Search code examples
javafilesystemsread-write

Java I/O operating on every file in a path


I have an HTML help system that I need to convert to SharePoint. The two most time consuming projects are to change the document links and to gather metadata. However, I'm lucky because this data is easily accessible. Each file is an HTML document, oversimplified as below:

 <body>
   <!--- Metadata follows
   Procedure Name: my document
   Procedure Number: xxxxx
   Use: freeform text explaining when procdure is used
   Revision Date: xx/xx/xx
   By: responsible party for revision
   <!--- end metadata

   <h1>Procedure Name<\h1>
   <p>procedure background and narrative, with links, as needed, to other documents at \\documentation-server\path\document-name.html
 <\body>

I can successfully extract & manipulate the right Strings, and I'm trying to incorporate that process into an automated solution. Since this is my first venture into file i/o, however, I'm a little fuzzy on what to do next.

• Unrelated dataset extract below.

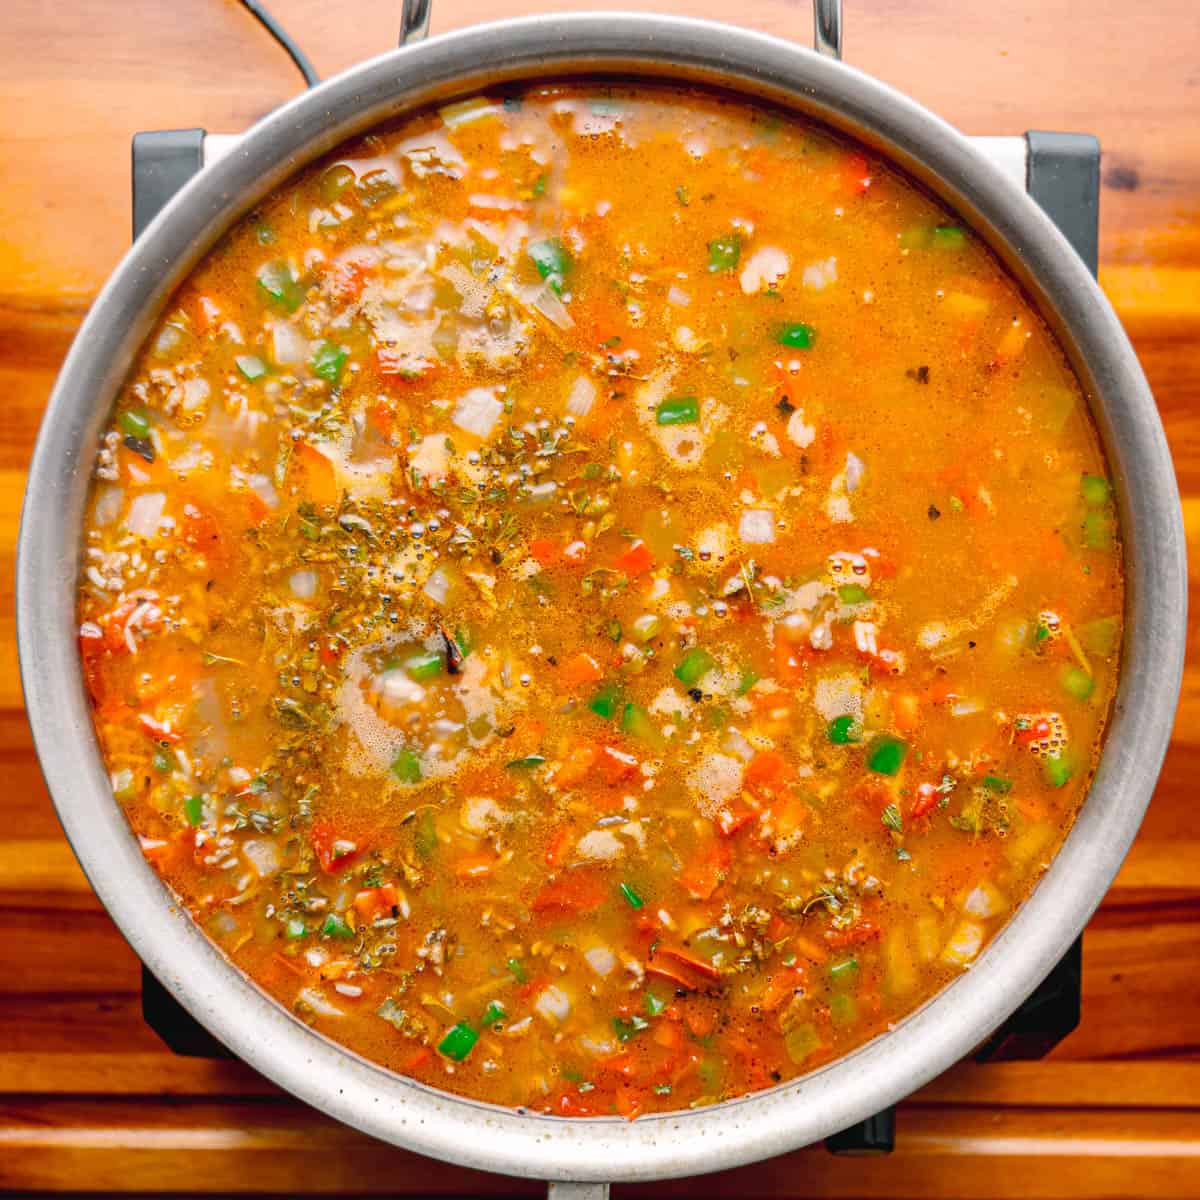 Pour in broth and bring to a boil over medium-high heat

In a perfect world, given a path, I would like to step though each *.html file in a path. I cannot seem to find a class/method to do that. newInputStream and newOutpuStream give me the file access, but I need to provide a path & file parameter. The FileVisitor interface appears to only interact file attributes and perform delete/copy/rename type functions.

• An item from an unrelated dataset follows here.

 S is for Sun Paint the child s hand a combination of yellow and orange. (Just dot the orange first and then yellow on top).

Is there a soemthing that would combine these into a single function that would step through each file in a path, open it and allow my line-by-line parse, then close the file and move to the next one to repeat?

My other thought was to create an array of filenames, then feed that array into the filename parameter of newInputStream.

Suggestions?


Solution

  • If you use Java 7, the FileVisitor interface enables you to walk a file tree very easily. See for example the Java Tutorial.

    You can override the visitFile method to do what you want with the file, for example (not tested):

    @Override
    public FileVisitResult visitFile(Path file, BasicFileAttributes attr) {
        if (attr.isRegularFile() && file.getFileName().toString().endsWith(".html")) {
            Charset charset = Charset.forName("UTF-16");
            try (BufferedReader reader = Files.newBufferedReader(file, charset)) {
               String line;
               while ((line = reader.readLine()) != null) {
                   System.out.println(line); //do what you need to do here
                }
             } catch (IOException x) {
                 //Print / log the errror
             }
        }
        return CONTINUE;
    }